16 maar zij verachtten de gezanten van God, sloegen zijn waarschuwing in de wind en spotten met zijn profeten. Zo barstte eindelijk de toorn van Jahweh tegen zijn volk los, en er was geen verbidden meer aan.
But they ridiculed the messengers of God, and they gave little weight to his words, and they mocked the prophets, until the fury of the Lord ascended against his people, and there was no remedy.
17 Hij liet den koning der Chaldeën tegen hen oprukken, die hun jongemannen in het heiligdom met het zwaard doodstak en jongens spaarde noch meisjes, grijsaards noch hoogbejaarden: allen leverde Hij aan hem over.
For he led over them the king of the Chaldeans. And he put to death their young men by the sword, in the house of his sanctuary. There was no pity for adolescents, nor virgins, nor the elderly, nor even for the disabled.

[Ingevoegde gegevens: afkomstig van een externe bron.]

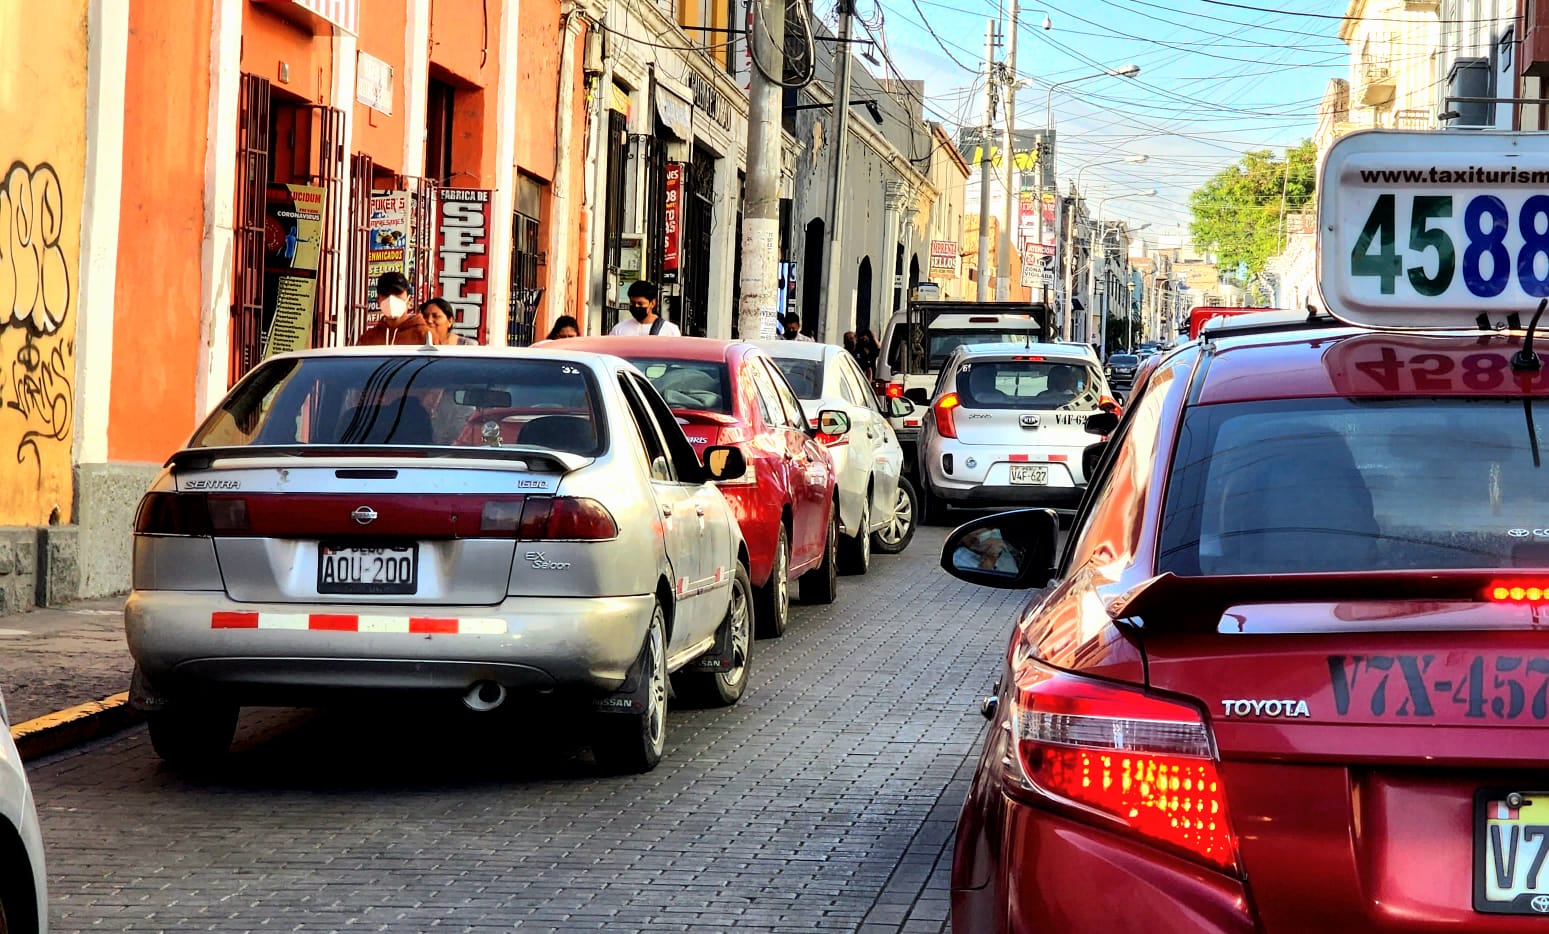 Caos y congestión vehicular se registra en el Cercado de Arequipa, ante ausencia de las autoridades
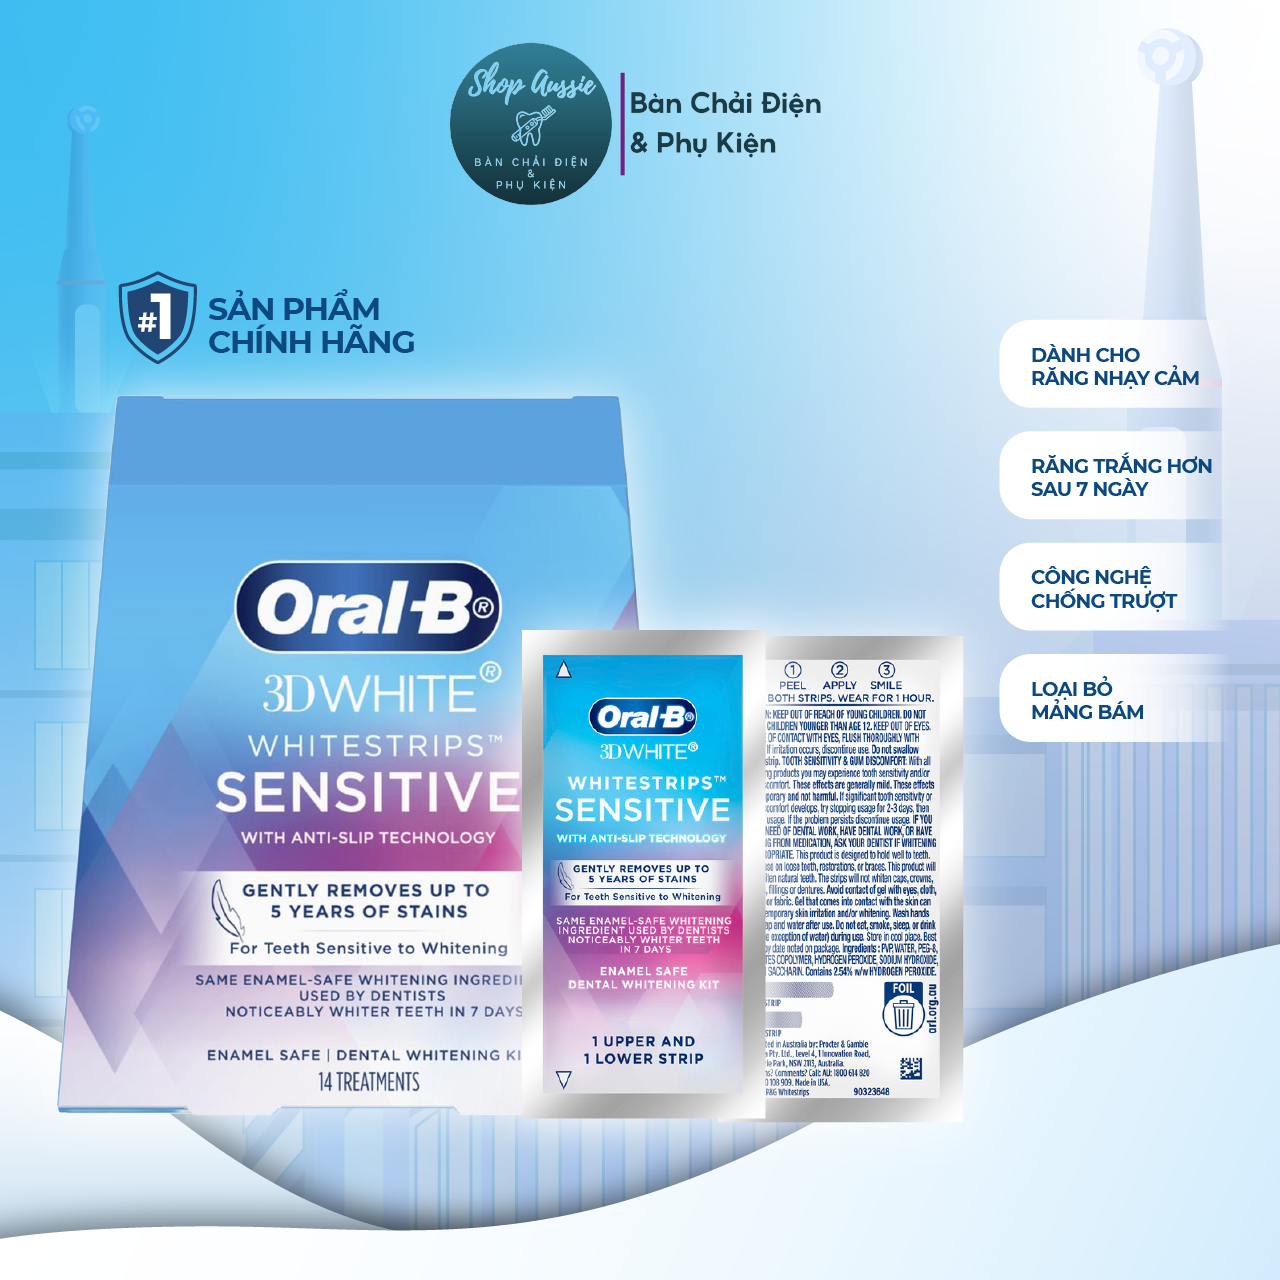 Miếng dán trắng răng Oral-B 3DWhite Whitestrips Sensitive - Dành Cho Răng Nhạy Cảm, Răng Trắng Sau 7 Ngày

Instead, he delivered them all into his hands.
18 Alle vaten uit het Godshuis, grote en kleine, alle schatten uit de tempel van Jahweh, alle schatten van den koning en zijn voormannen nam hij mee naar Babel.
And all the vessels of the house of Lord, as much the greater as the lesser, and the treasures of the temple, and of the king and the rulers, he carried away to Babylon.
19 Zij lieten de tempel van God in vlammen opgaan, sloopten de muur van Jerusalem, en staken zijn paleizen in brand, zodat alle kostbaarheden verloren gingen.
The enemies set fire to the house of God, and they destroyed the wall of Jerusalem. They burned down all the towers. And whatever was precious, they demolished.
20 En wie aan het zwaard waren ontsnapt, voerde hij gevangen naar Babel, waar zij hem en zijn zonen als slaven moesten dienen, totdat het perzische rijk aan de macht kwam.
If anyone had escaped from the sword, he was led into Babylon. And he served the king and his sons, until the king of Persia would command,
21 Zo werd het woord van Jahweh vervuld, door de mond van Jeremias gesproken: Totdat het land zijn sabbatten heeft ingehaald, zal het al de tijd blijven liggen; het zal moeten rusten, totdat er zeventig jaren voorbij zijn.
and the word of the Lord by the mouth of Jeremiah would be fulfilled, and the land would celebrate her Sabbaths. For during all the days of the desolation, she kept a Sabbath, until the seventy years were completed.
22 In het eerste jaar van Cyrus, den koning van Perzië, bewoog Jahweh de geest van Cyrus, den koning van Perzië, om het woord in vervulling te doen gaan, dat Jahweh door de mond van Jeremias gesproken had. Daarom liet deze in heel zijn rijk mondeling en schriftelijk afkondigen:
Then, in the first year of Cyrus, the king of the Persians, in order to fulfill the word of the Lord, which he had spoken by the mouth of Jeremiah, the Lord stirred up the heart of Cyrus, the king of the Persians, who commanded this to be proclaimed throughout his entire kingdom, and also in writing, saying:
23 Zo spreekt Cyrus, de koning van Perzië! Jahweh, de God des hemels, heeft mij alle koninkrijken der aarde gegeven. Hij is het, die mij bevolen heeft, Hem een tempel te bouwen in Jerusalem van Juda. Laat dus ieder van u, die tot zijn volk behoort, onder de schutse van zijn God optrekken!
“Thus says Cyrus, the king of the Persians: The Lord, the God of heaven, has given to me all the kingdoms of the earth. And he has instructed me that I should build for him a house in Jerusalem, which is in Judea. Who among you is from his entire people? May the Lord his God be with him, and let him ascend.”